If you’re just starting out with camera drones, the last thing you need is a bulky device or one that offers too many settings that you’re not going to use anyway. That’s what DJI’s Mavic Air drone, one of the smallest product in DJI’s Mavic catalog, is trying to avoid. Despite its small, foldable body, this 4k drone doesn’t disappoint when it comes to smart features, convenient functionalities, and professional video shooting capabilities.
Dji has a wide selection of drones on both the consumer and professional levels, but the Mavic Air earns a special position between them. Thanks to its 12.0MP camera with Adobe DNG RAW support, it can snap 4K/30p videos at 100 Mbps, which you can stream on your device through built-in Wi-Fi connectivity, making this model hard to distinguish from its professional rivals. Conveniently, the Mavic Air comes with 8GB of internal storage. Although that may enough for a couple of videos, you may need to offload the storage frequently if you’re one to shoot videos continuously.
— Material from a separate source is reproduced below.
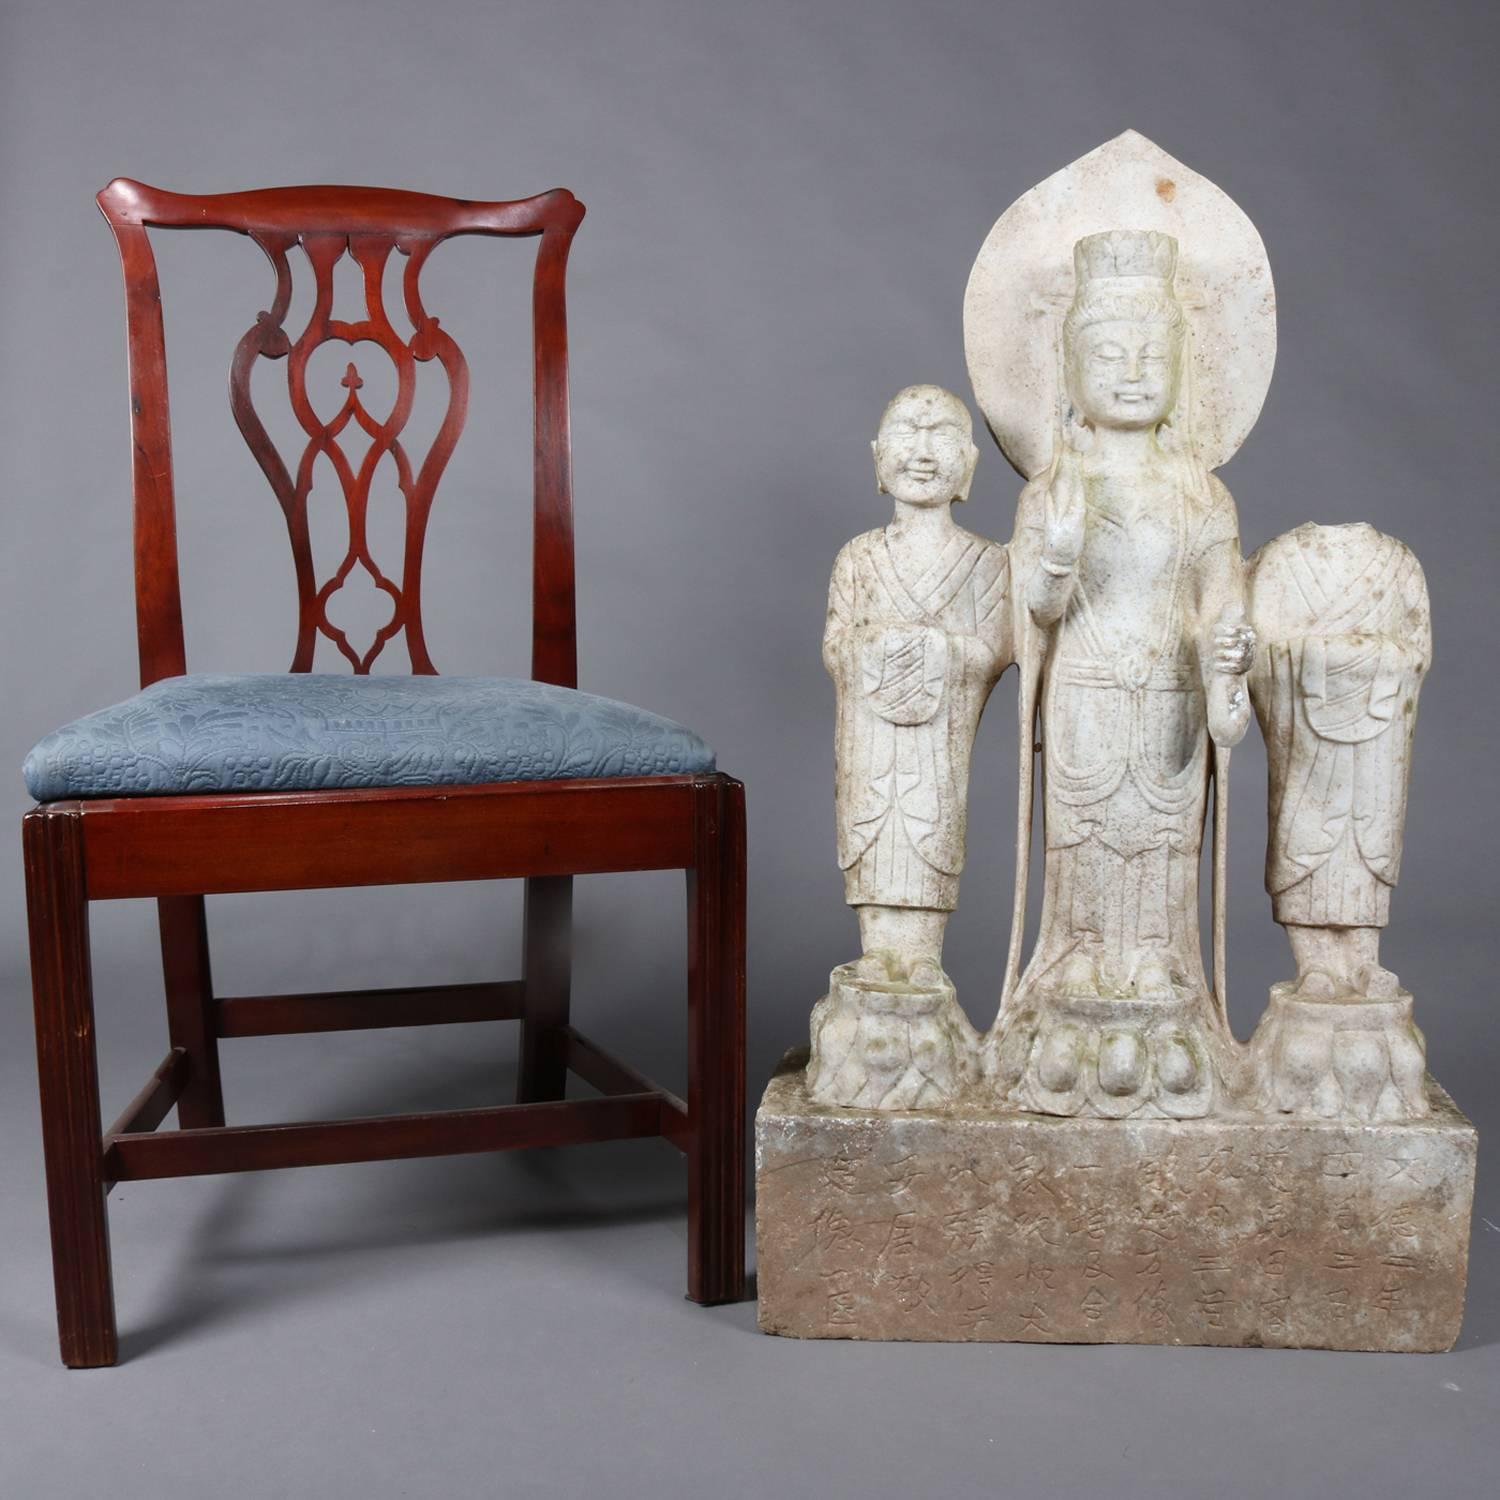 Antique Asian carved marble sculpture features three standing Buddhas on rectangular plinth, outdoor garden statues, 19th century

Measures: 36

When folded into the travel mode, this drone becomes so compact that you can transport it inside any travel bag with ease. The easy-to-use remote controller is equally convenient and ergonomic, as it boasts a foldable, low-profile design that allows for easy smartphone mounting when you’re flying your drone around.
Compared to other models from the same series, the DJI Mavic Air is lighter, faster, and more stable. Besides, it comes with a plethora of intelligent features that make controlling and shooting videos a breeze, such as DNG Raw support, the D-Cinelike color profile, and the sophisticated obstacle avoidance system, which allows it to avoid obstacles in all directions.
Another feature that we really dig and that makes this drone a true winner for beginners is Dji’s APAS, or Active Pilot Assistance System, which is an enhanced flight safety measure that allows the drone to move around obstacles rather than stopping when facing them. If you’ve never tried controlling a drone before, that would undoubtedly come in handy when you’re flying the DJI Mavic Air.
Because it relies on Wi-Fi rather than DJI’s more robust Lightbridge or OcuSync signal transmission systems, you may face some difficulties live streaming or controlling this drone in cities or high-traffic areas, but as long as you’re not too far away from the drone, you’ll be fine.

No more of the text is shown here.